When I left Hyderabad for Bombay, I thought this is it: the end of all the frolic and fun of dancing. But Harshil and gang positively kidnapped me to Sutra for a night out. Not only did I discover potential for fun, but also met a girl I now call friend. That night wasn’t just about dancing because I needed music, but also about unwinding. I realised yet again, that dancing isn’t about tiring oneself out, but regaining some of that lost life. What still remains a cherished dance is the one with Abhishek at Salt n Pepper (I think) afterhours. The resto owner was nice enough to put a great song and allow us our little quirk. Despite the limited space and for them to almost shut for the night, we were given the time and leisure of moving to a tune, smiling, forgetting, remembering.

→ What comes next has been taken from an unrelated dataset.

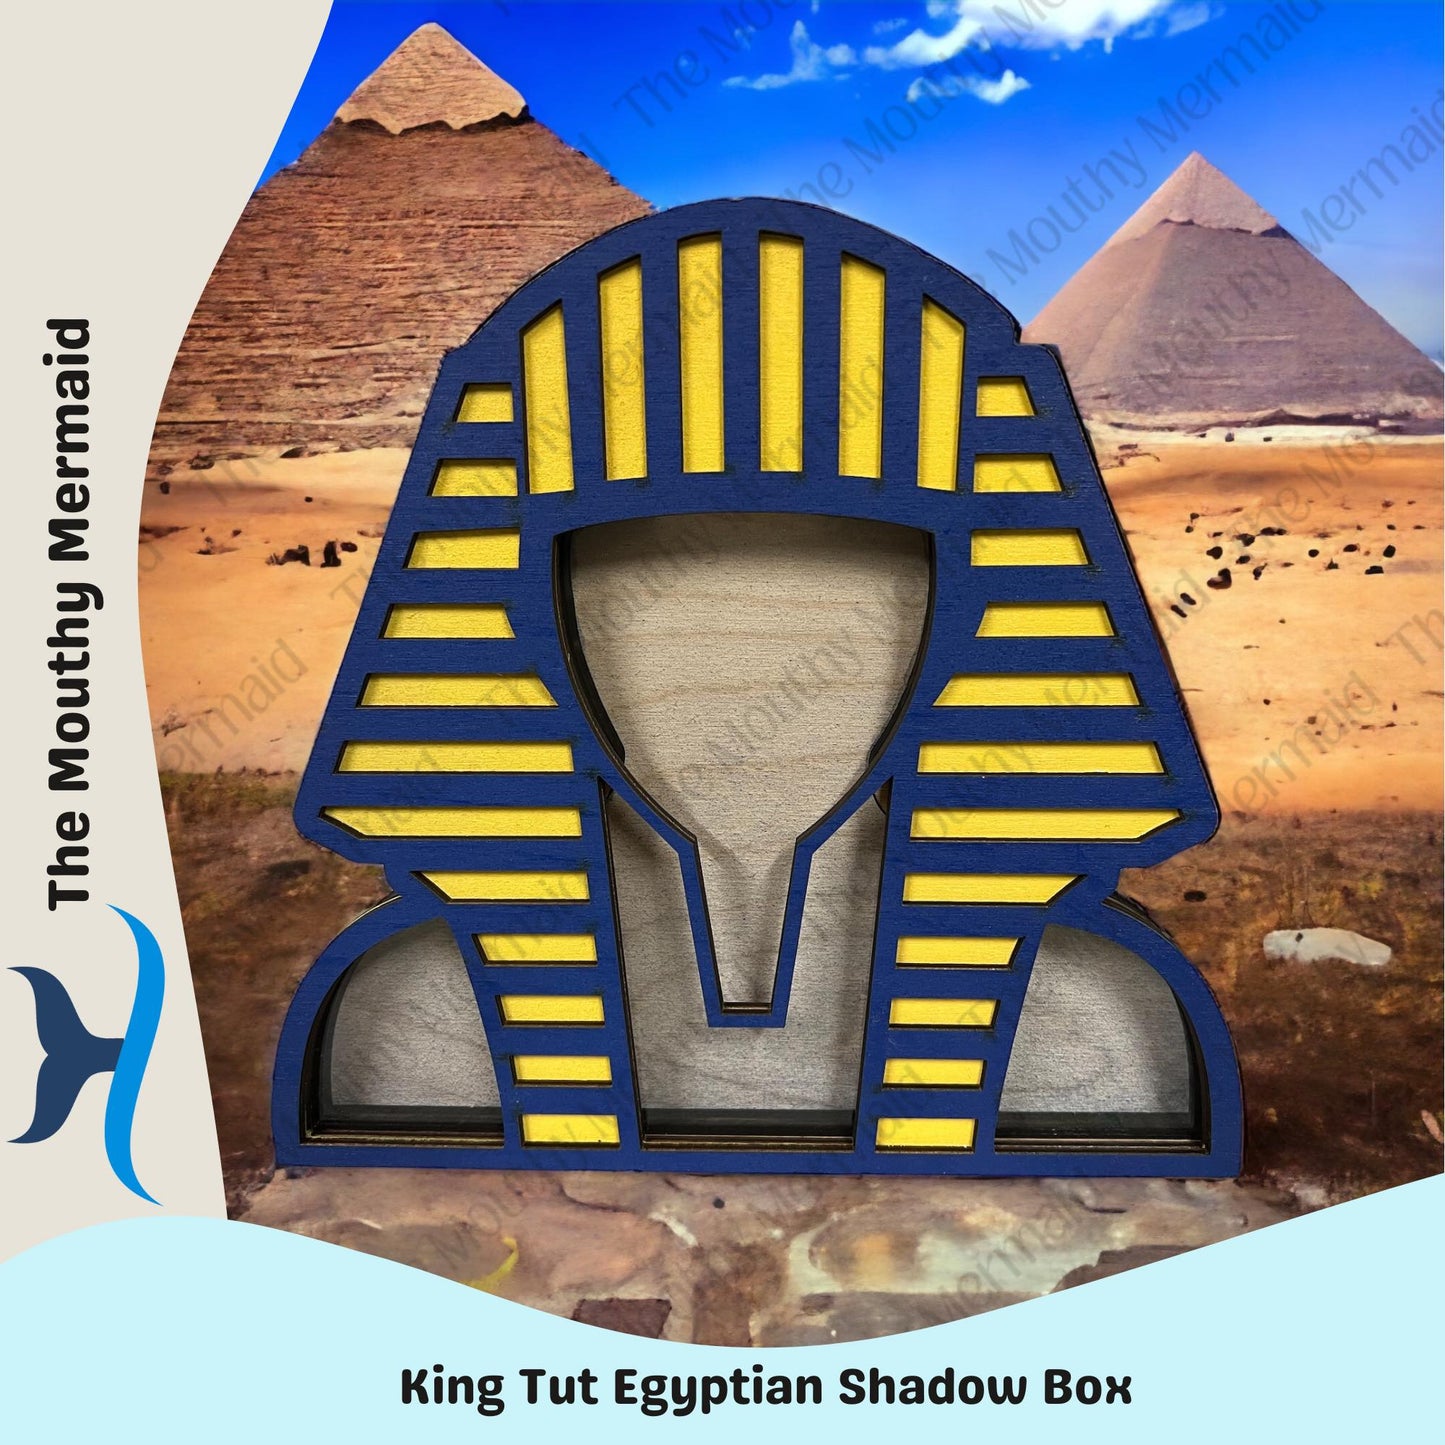 Egyptian King Tut Shadow Box Display

So you see, it is just too predictable that Navratri comes each year at this pre-designated time and lasts a certain set of days and dictates that you wear only a certain kind’a clothes and make up and jewellery. There is none of that last minute dilly-dallying of red dress or black, or gold danglers or matching stones, or stilettoes or wedges. Because really, the joy of dancing came from looking forward to an opportunity that presented itself at the most unlikely times!